Wobei allerdings der Aufbau des Artikels nicht ganz nachvollziehbar ist – warum die Parkinson-Erkrankung zunächst allgemein erklärt wird und dann erst der Anlass für die Berichterstattung folgt. Auch fällt die Sprache teilweise etwas flapsig aus, etwa hier: „Die Nerven an sich sind in Ordnung“, viele der Sätze sind sehr kurz. Insgesamt werten aber noch knapp „ERFÜLLT“.
14. Der Beitrag ist für ein Laienpublikum verständlich (VERSTÄNDLICHKEIT).
Sowohl das Krankheitsbild als auch die Fallgeschichte werden gut verständlich dargestellt. Es gelingt dem Beitrag, auch komplexe wissenschaftliche Zusammenhänge nachvollziehbar zu machen: „Das Gangbild ist etwas sehr Individuelles, und auch die Störungen beim Laufen durch die Parkinson-Erkrankung können sehr unterschiedlich aussehen. Deshalb wurden Sensoren an Marcs Bein befestigt, die seine Art zu laufen analysieren und diese Informationen an die Impulsgeber im Rücken weitergeben. So erhielt zum Beispiel bei Marc das eine Bein ein zu schwaches Signal vom Gehirn. Das wurde ausgeglichen.“ An einer Stelle wird das Wort „asynchron“ erwähnt, das womöglich nicht jedem geläufig ist. Doch insgesamt ist der Artikel auch für Laien gut verständlich.
15. Das THEMA ist aktuell, relevant oder ungewöhnlich. (THEMENAUSWAHL).

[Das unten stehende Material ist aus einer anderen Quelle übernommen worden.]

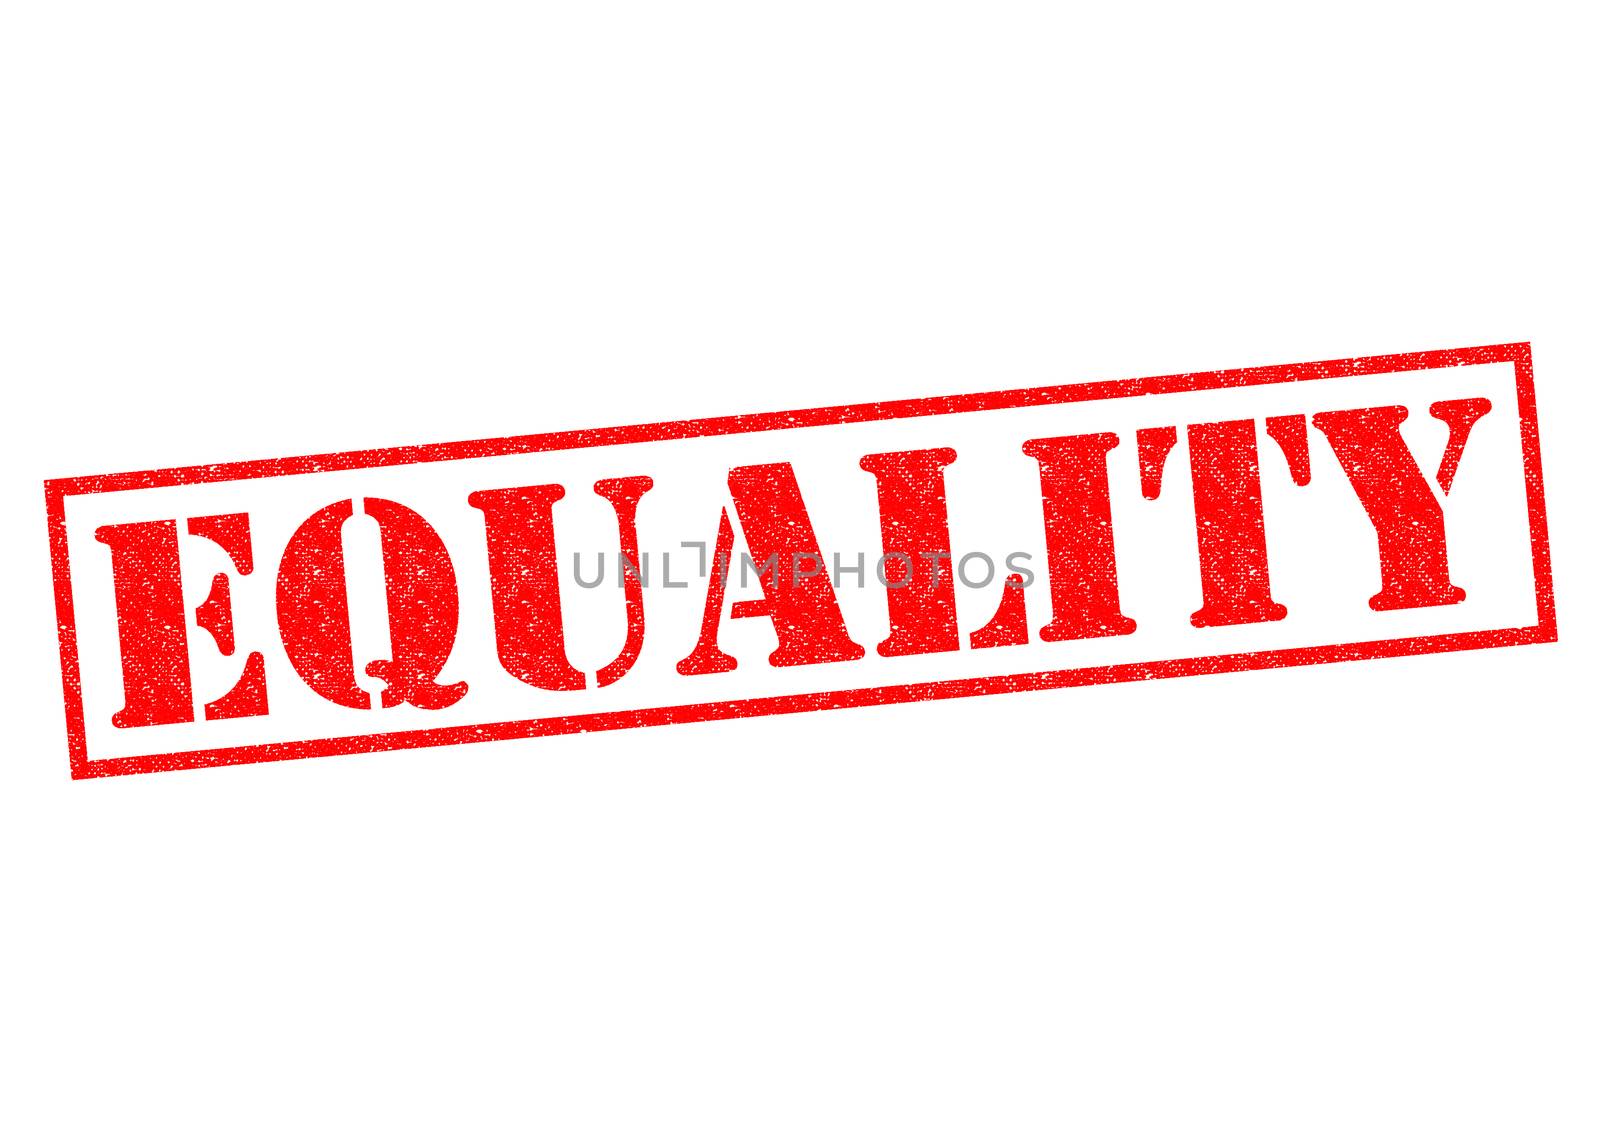 EQUALITY by chrisdorney

Das Thema ist relevant, da es an Behandlungsmöglichkeiten bei einer fortgeschrittenen Parkinson-Erkrankung mangelt, einem häufigen neurologischen Leiden. Zudem ist das Thema originell und aktuell, da in einer kurz zuvor erschienenen Fachpublikation über diese neue, ungewöhnliche Behandlungsmethode berichtet wird – und über den sehr positiven Ausgang für den Patienten.